Copilot hits a legal curb: GitHub’s AI assistant is accused of software piracy. What does this hold for AI?

“What’s yours is mine, and what’s mine is mine” was apparently the principle that guided Microsoft, GitHub, and OpenAI as they were developing Copilot, an AI-powered coding assistant. At least, that is what the class-action lawsuit against the trio implies.

Released in June 2021, Copilot is billed by GitHub as an “AI pair programmer” able to “suggest code and entire functions in real-time”. When fed a natural language prompt, CoPilot answers with blocks of code. It is able to do so thanks to another AI product, Codex, that was developed by OpenAI and is integrated into Copilot. Copilot is available for GitHub programmers in exchange for a subscription fee of $10 per month or $100 per year.

OpenAI trained Copilot on code from publicly accessible GitHub repositories. While Microsoft says that Copilot was trained on “billions of lines of code”, it does not explicitly mention how it stumbled across such a treasure trove. According to the lawsuit, spearheaded by programmer and lawyer Matthew Butterick, that’s where the problem lies.

OpenAI is accused of violating the terms of open sources licenses while developing Copilot

The complaint argues that the tool violates open source licenses of GitHub users that Microsoft pledged to respect after buying the platform in 2018. Namely, the lawsuit accuses Copiloit of failing to display copyright information or somehow indicate that its output is derivative, and argues that it is “thereby accomplishing software piracy on an unprecedented scale”. The lawsuit alleges that Copilot “often simply reproduces code that can be traced back to open-source repositories or open-source licensees.”

For its part, OpenAI argues that Codex should be exempted from license requirements because it meets the definition of “transformative fair use.” The company says that the open source code was used as training data “for research purposes” and has never been intended to be included “verbatim” into the output. It goes on to claim that over 99% of Codex’s output “does not match training data.”

But plaintiffs allege that it is exactly what’s happening.

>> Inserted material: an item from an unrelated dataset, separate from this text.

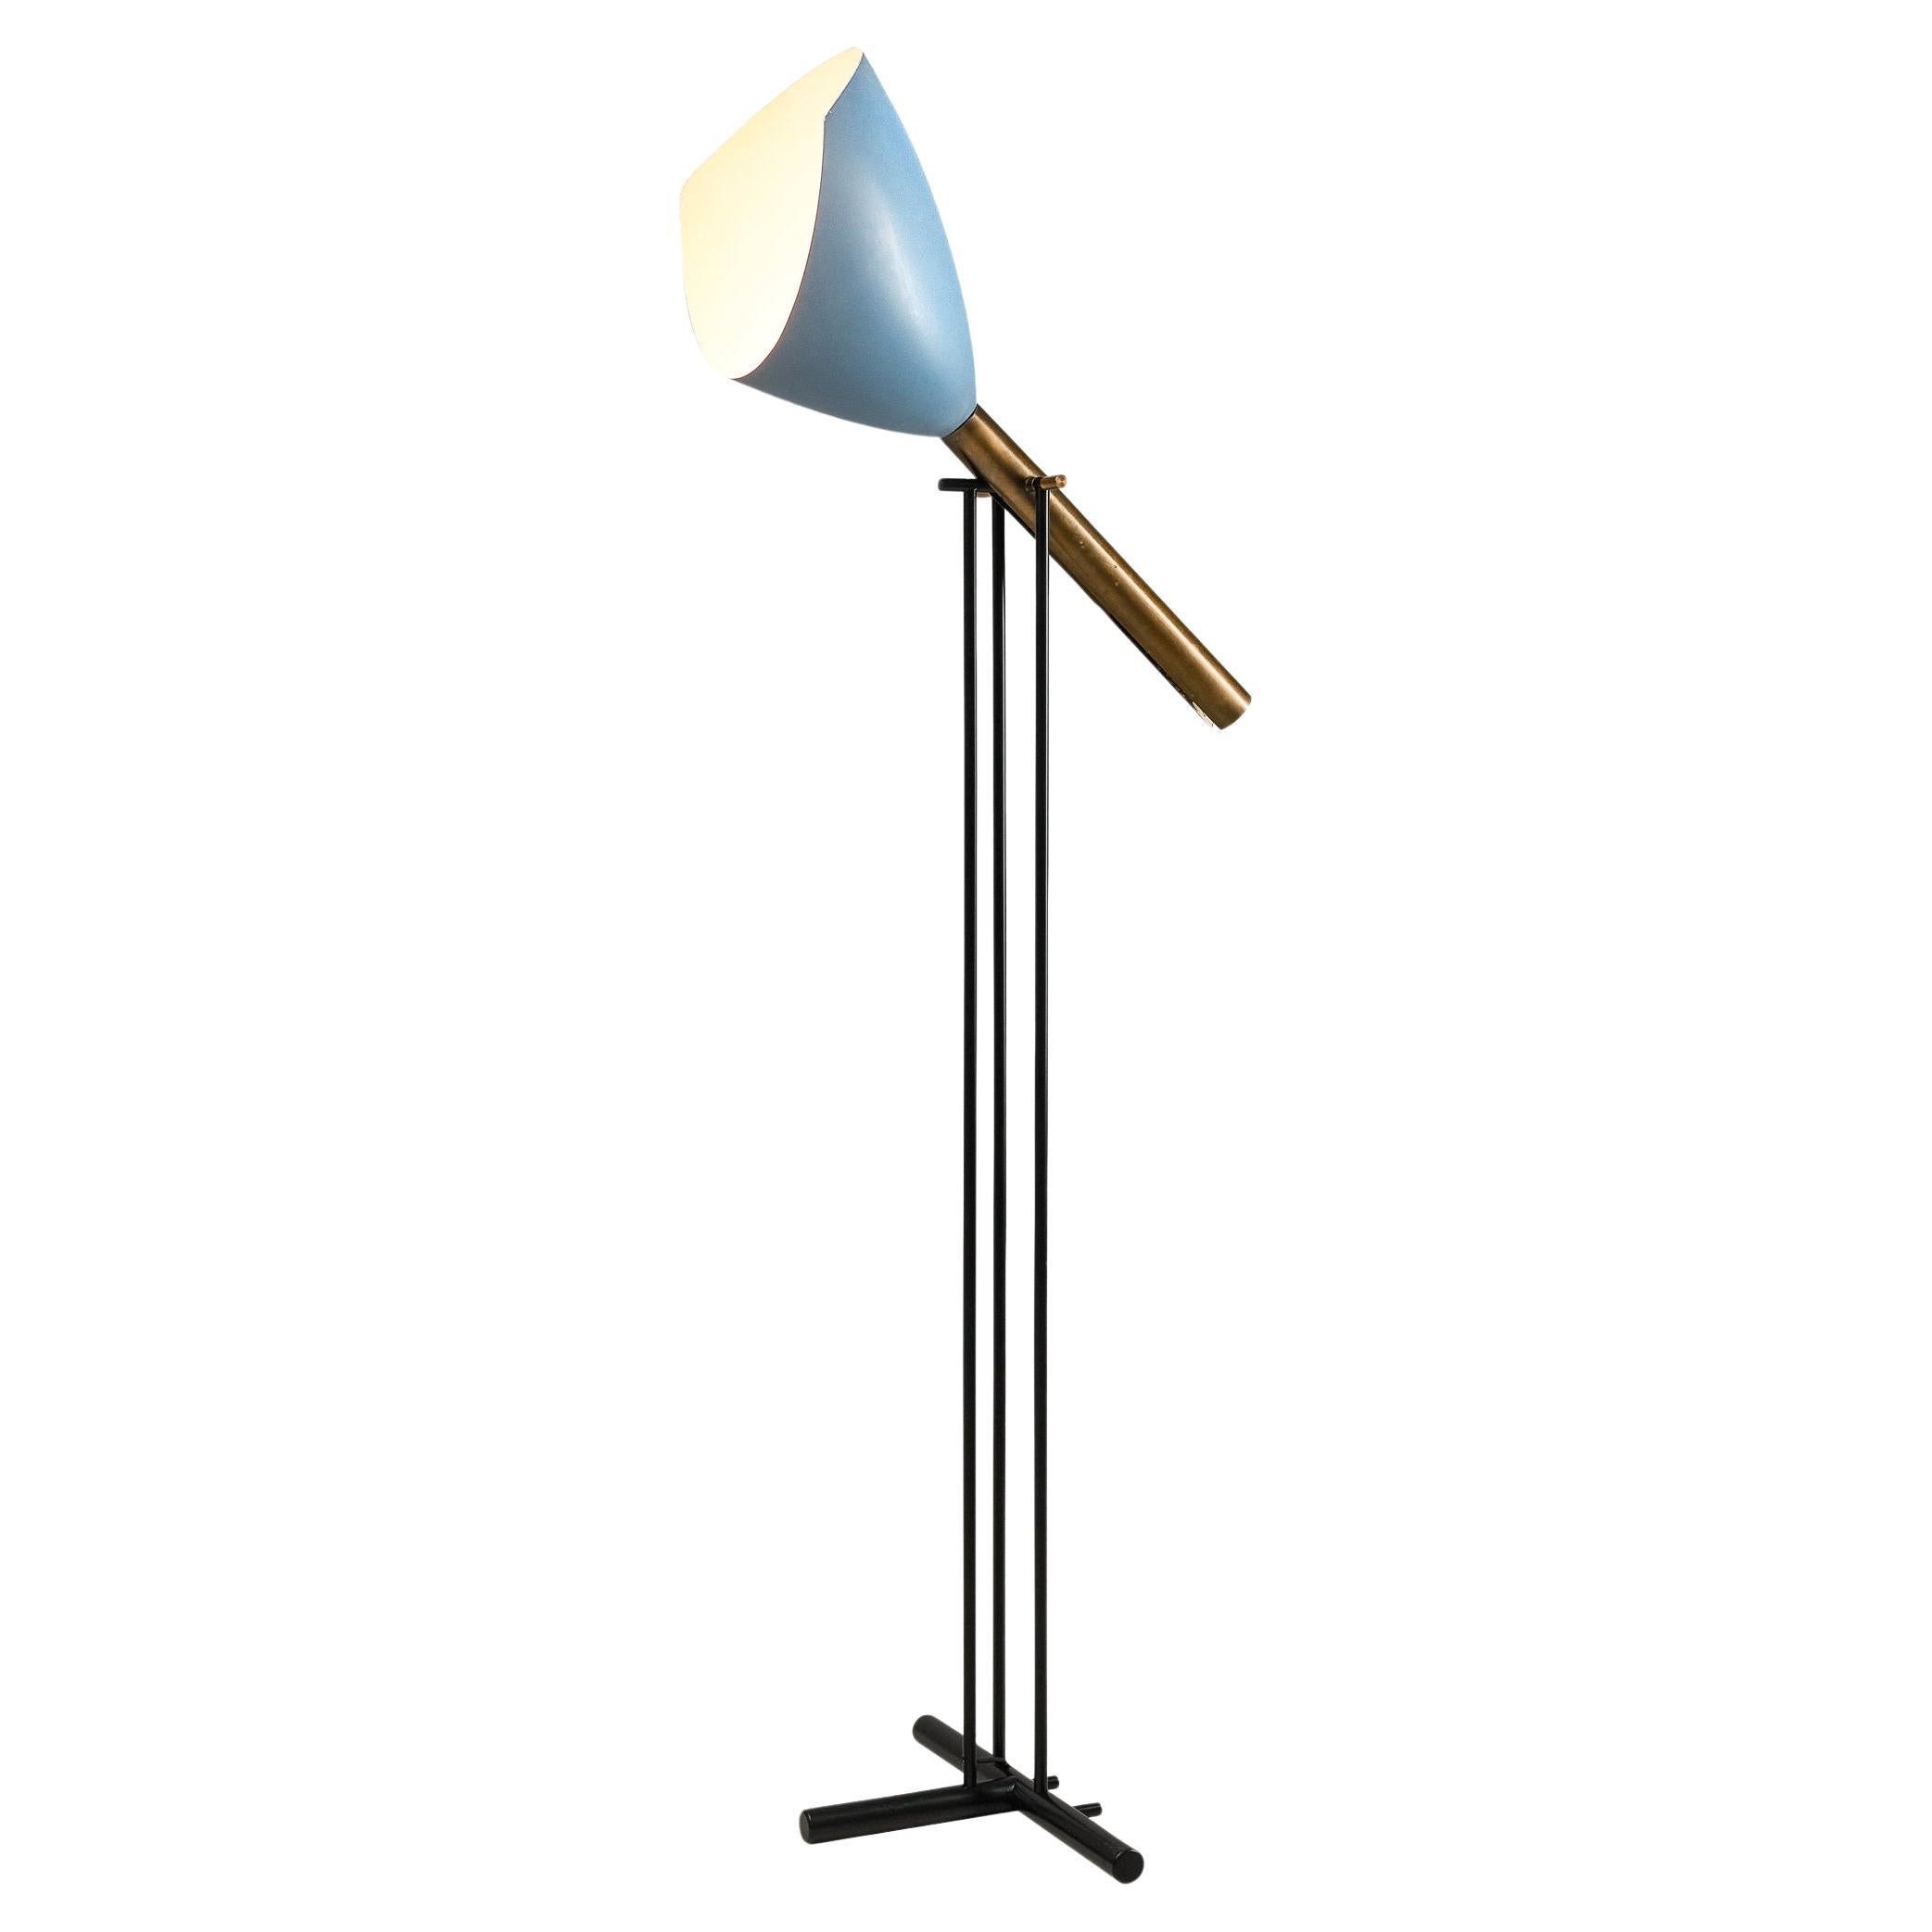 Angelo Lelii for Arredoluce ‘Televisione’ Floor Lamp in Brass and Aluminum  For Sale

As an example, the complaint mentions Eloquent Javascript book by Marijn Haverbeke, which is licensed under Creative Commons Attribution-Noncommercial license. The code in the book is also licensed under an MIT license. Under the terms of that license, Copilot is required to include a copyright notice and a permission notice, but it does not do so. That is because Copilot has not been trained to follow any license terms by design, the lawsuit says. It then explains in detail how Codex effectively copies code directly from copyrighted sources, including from Haverbeke’s book.

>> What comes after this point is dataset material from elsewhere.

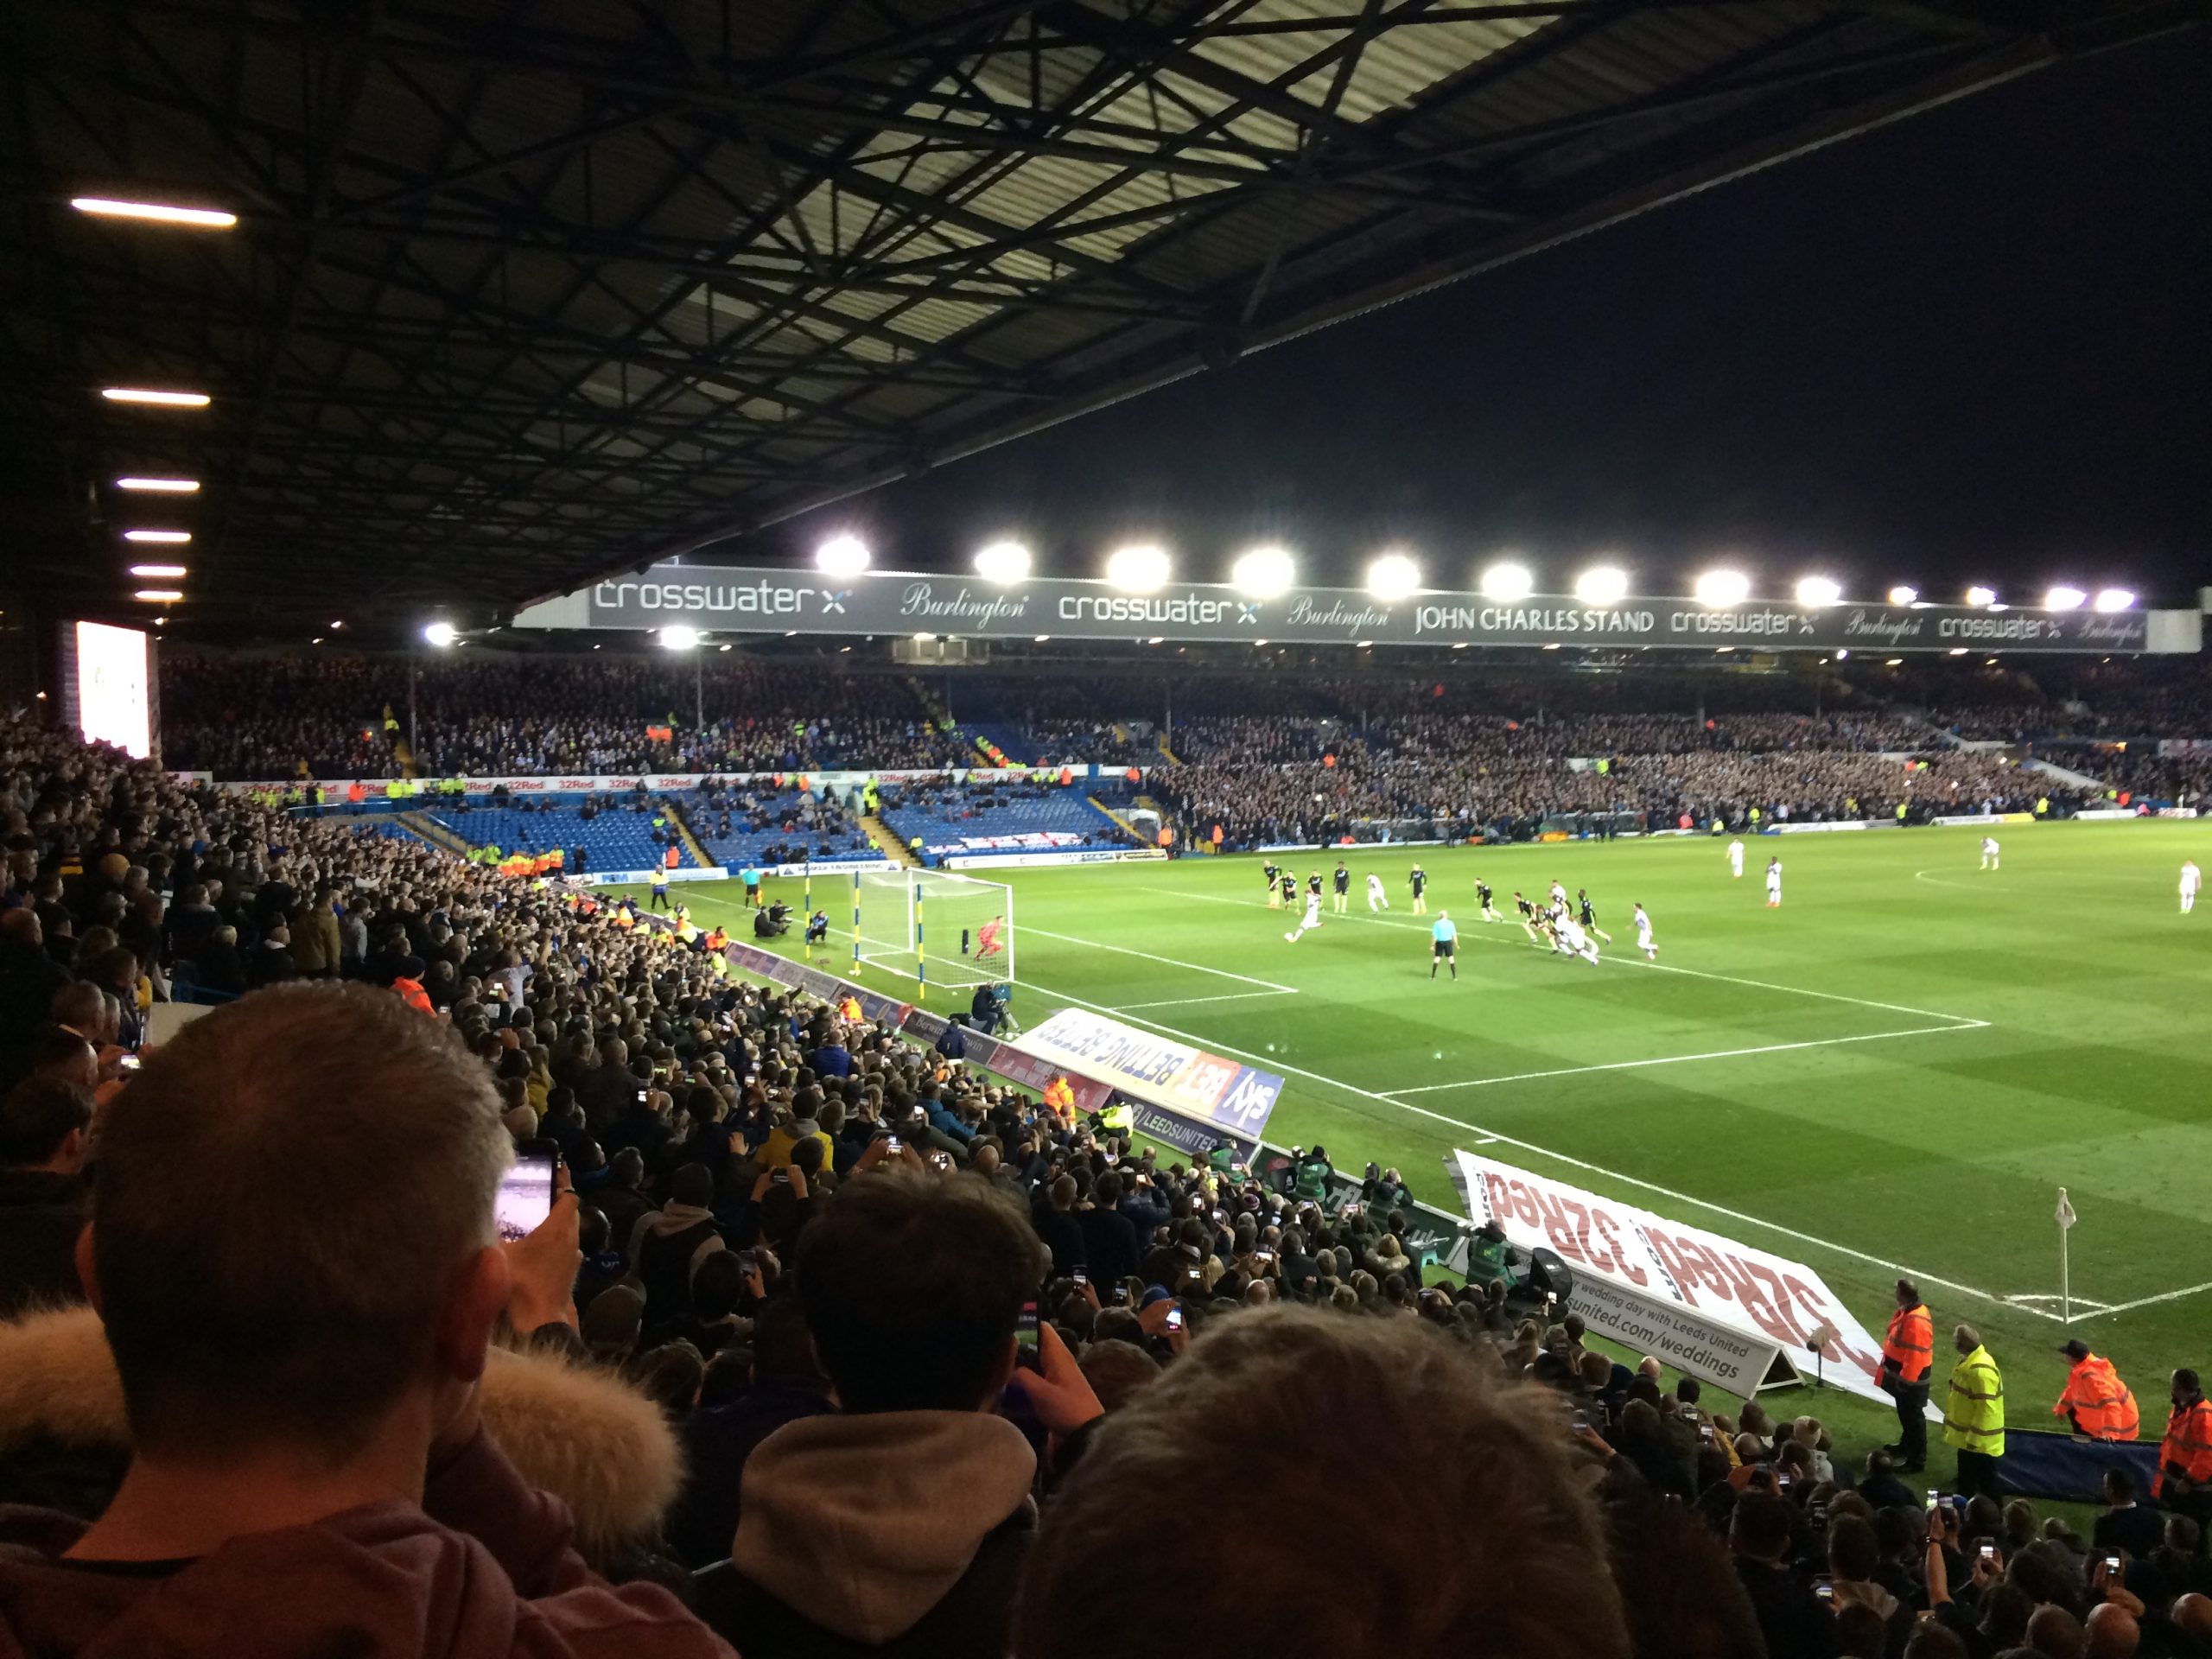 Floodlit action from a football stadium

The lawsuit alleges that GitHub’s coding assistant takes code “directly” from copyrighted sources without following the license terms

Screenshot: Excerpt from the lawsuit detailing how Codex allegedly copies code “directly from a copyrighted source.”

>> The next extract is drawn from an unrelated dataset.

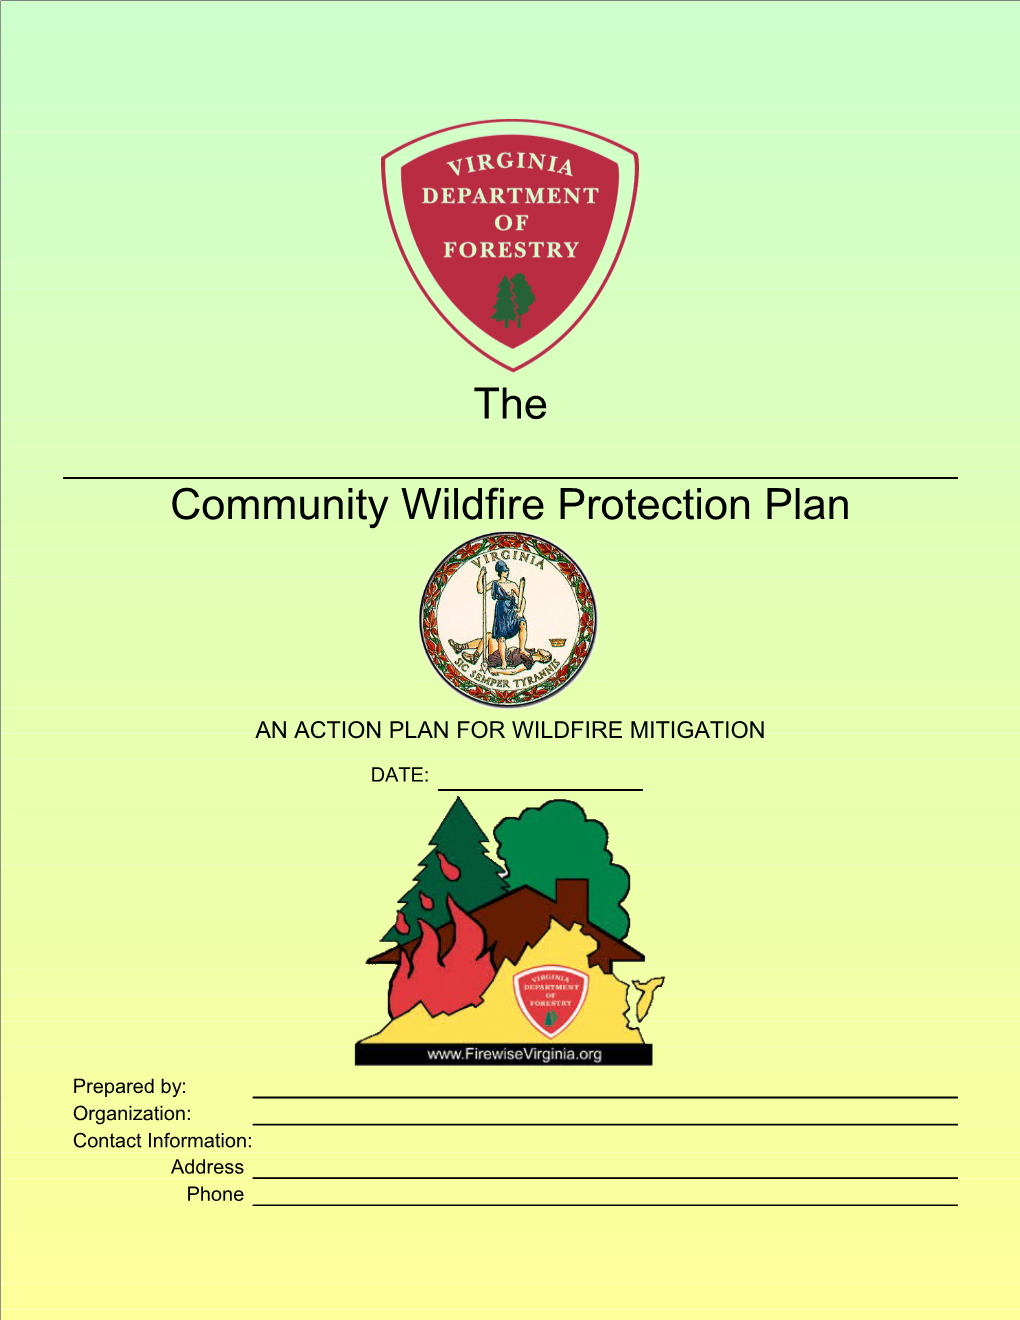 Wildfire Protection Plan: an Action Plan for Wildfire Mitigation 2

It’s not only Butterick who is pointing to the questionable premise on which Copilot is built. Last month, developer and professor of Computer Science at Texas A&M Tim Davis came to very much the same conclusion. Davis tweeted that Copilot parroted “large chunks” of his copyrighted code without attribution. Moreover, the AI-powered assistant even appeared to recognize that it was Davis’s code it was copying. The researcher said that when he prompted Copilot to produce code “in style of Tim Davis,” he got a “slightly tweaked” version of his code. The Copilot inventor, Alex Graveley, played down the similarities, arguing that the code was “similar, but different.”

While there has been an eternal debate about where one draws a line between plagiarism — that is presenting someone’s else’s work as your own without giving so much as a shout out to the original author — and inspiration, the lawsuit says that Copilot is more like the former. Despite the companies’ assurances, “in practice … the output is often a near-identical reproduction of code from the training data,” the lawsuit charges.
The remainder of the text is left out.